He had heard a television program once about something called “ high self moderators”. These are the people who are so aware of what other people’s personalities in a certain group of people or even one on one that they could adapt themselves so well that you would never know that they weren’t at all similar. On the surface this isn’t a problem, in fact these people tend to be very successful because they are able to sell themselves, able to make most people like and generally trust them. The problem comes when these people find themselves alone. They don’t know what they like and enjoy themselves. They’ve always borrowed everyone else’s personality traits. Essentially there is no “them”, no “you”. If there were no one around to pace or borrow from, who would they be?

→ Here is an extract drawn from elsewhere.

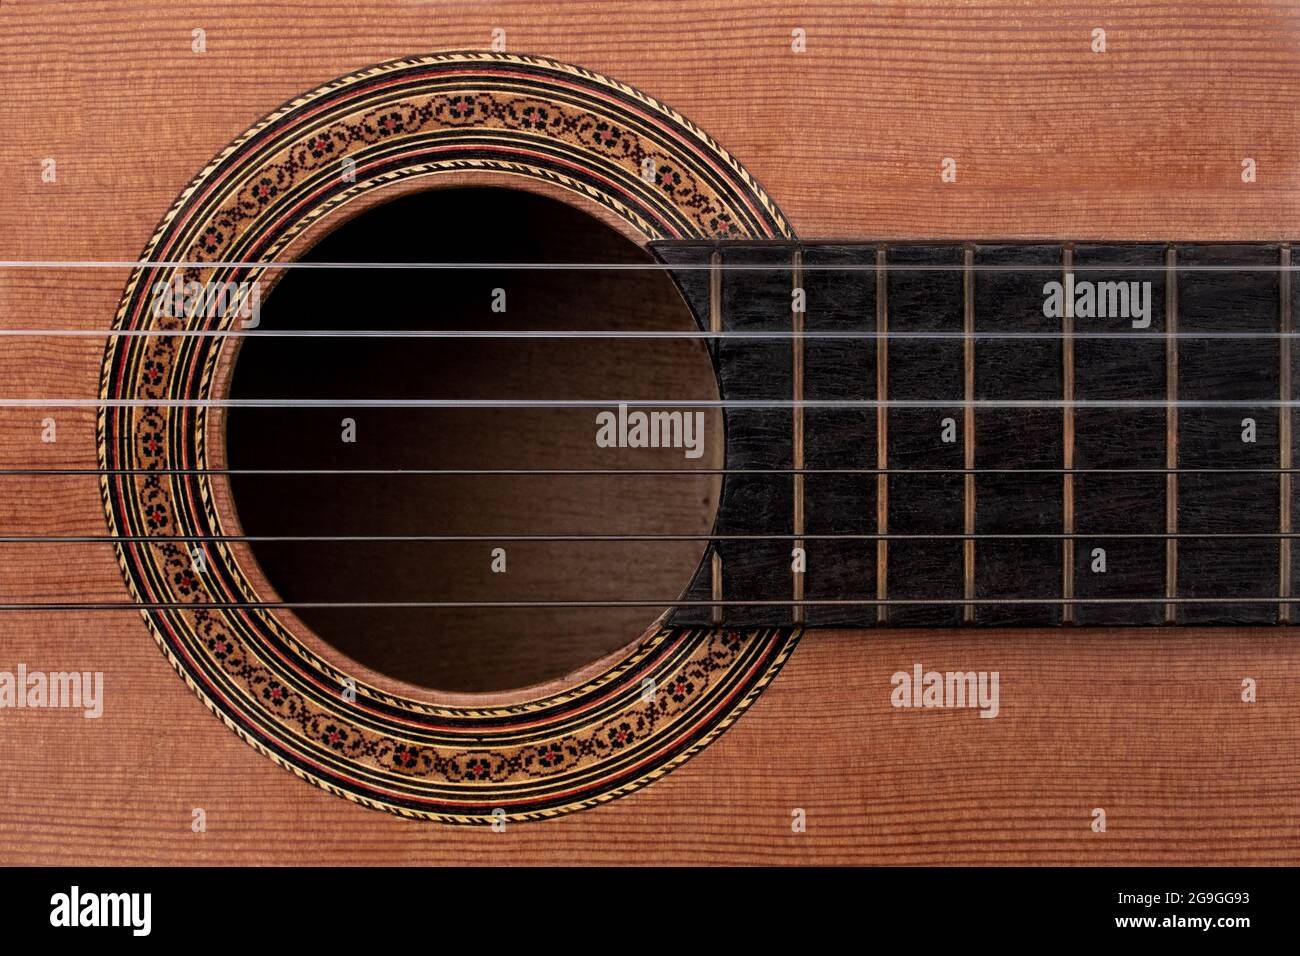 Primo piano di una vecchia chitarra acustica che mostra i dettagli della decalcomania di rosette decorative intorno al soundhole, alle corde e a parte della tastiera in ebano. Vista dall'alto verso il basso Foto Stock

This had always been the problem with him. He melded well with all different kinds of people and felt safe when they surrounded him. The problem came when he was alone. He’d sit and try to think up a personality to be, all the likes and dislikes that a certain personality would have if they were so and so. It had always been this way as long as he could remember. This presented a problem in relationships that required him to have a personality that wasn’t just on the face of things. When dealing with romantic relationships everything could be taken to a certain point, then he sensed that they were able to get the idea that the entire time that they had been courting that this was just a sales pitch, that he had been adjusting his personality to their needs and likes. Once this was realized, all of these relationships ended. There was nothing inside to love or even hate. Most people think they want to find someone like himself or herself in a romantic relationship. He knew that this wasn’t true. If it were, he’d be the ultimate catch being that he became the person he was with. And then the bear came.

A weekend...

Bugs swarming from every direction, his hand swatting and waving at just air, trying to get his hand through as much of it as possible, the idea that the bugs being so small they won’t be able to move out of the way. Carpet-bombing in the world of insects. The stream in back of the cabin moving slow and lazily down it’s path, still bearing the scars and pockmarks from summers uncountable that kids had built dams to try to make a hole large enough to sit down in or maybe even swim. Sitting in his chair made by a local craftsman who chose to make furniture out of saplings and small twigs. The chair is surprisingly comfortable and inviting. “How often looks deceive.” he thinks to himself and lightly chuckles. The bugs have either learned their lesson or gone home, having had their fill or decided to cut their losses and head for the hills. The beer in his right hand is cold and sweating in the warm evening’s breeze while the cigarette slowly burns in his left. The air seems to hang suspended in time and space by strings attached to a puppeteer’s hands; someone whose only task was engineer perfection on earth. For a moment he thinks, “Maybe this is heaven.” Time seems to slow, he barely remembers being on the porch, made of stone all the way to the streams edge. The only thing that matters now is sucking this moment for all it’s worth. The rest of the world has ceased to exist. His new job and the new responsibility, the bills sitting unpaid on his desk, the relationships nagging at his thoughts, all into the ether. Into the gap between what matters now and what matters in the long run.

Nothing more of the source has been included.